Any more ideas on this one? ,

_In our new home we have access to hose but we are not permitted to run soapy water all over the road. I can only hose with plain water or use ONR. No pressure washer. _

_Reviving an old thread, please excuse me._

Edit: I just found the very informative post of Lowiepete saying, "No, you shouldn't"


----------



## Lowiepete (Mar 29, 2009)

The OP question is a bit ambiguous. How can you pre-soak _after_ a hose
down? It's the hosing down that becomes the pre-soak...

Let me explain why the ONR should only go directly on to a dry panel. Part of 
the benefit of using ONR is in its surfactants. These are magic chemical 
critters that make water "wetter". In other words, they work by the dirt 
absorbing whatever liquid hits the paint first. If the surface has already been 
wetted by hosing, then the initial absorbtion has already occurred, though 
not as effectively as with the ONR dilution.

One thing that ONR cannot do is displace the liquid already absorbed by the
surface. What that also means is that its polymers, the lubricating and 
protecting critters in the potion, are also impeded from doing their work!

There is one over-riding factor with ONR. If you use it as already tested and
tested and tested, and described in meticulous detail, why on earth does 
anyone feel the need to re-invent wheels? If you use the product to the best
advantage, why is a hose even necessary? It's a simple process, why not
just enjoy that...

Regards,
Steve


----------



## Socal Brian (Dec 4, 2011)

I always apply ONR first thing on dry car and allow to soak for about 5 min and then rinse. Wet panels will only serve to dilute the solution and effectiveness IMO.

Brian


----------



## cheekymonkey (Mar 15, 2008)

Lowiepete said:


> The OP question is a bit ambiguous. How can you pre-soak _after_ a hose
> down? It's the hosing down that becomes the pre-soak...
> 
> Let me explain why the ONR should only go directly on to a dry panel.
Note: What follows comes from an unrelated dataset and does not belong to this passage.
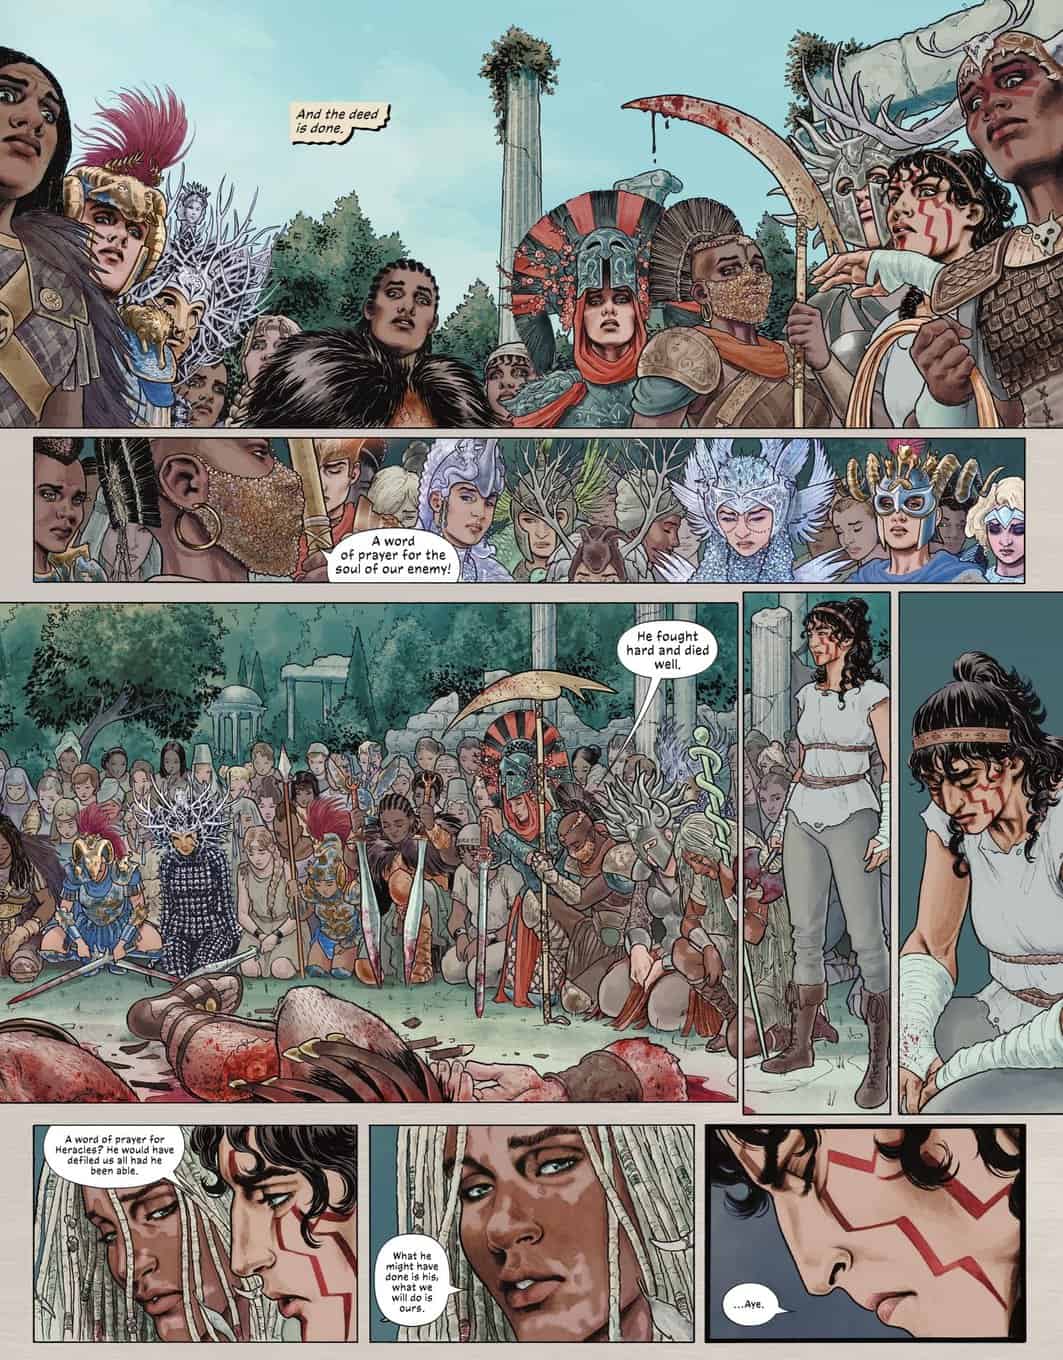 Wonder Woman Historia #3 spoilers 7 Heracles

Part of
> ...


I dont get why people still hose down a car before starting. using a pre soak is just what it says, and the point of one is to break down the dirt and using the lubricants to help move such dirt safer, cutting down on the possibility of marring probably by about 70%if not more.


----------



## Kokopelli (Sep 18, 2009)

If your pre soak solution is at Qd dilution, I don't think you go far beyond the wash rate even if it is diluted. Wouldn't removing loose debris pay more?


----------



## Stefan... (Mar 23, 2014)

Yes always pre soak


----------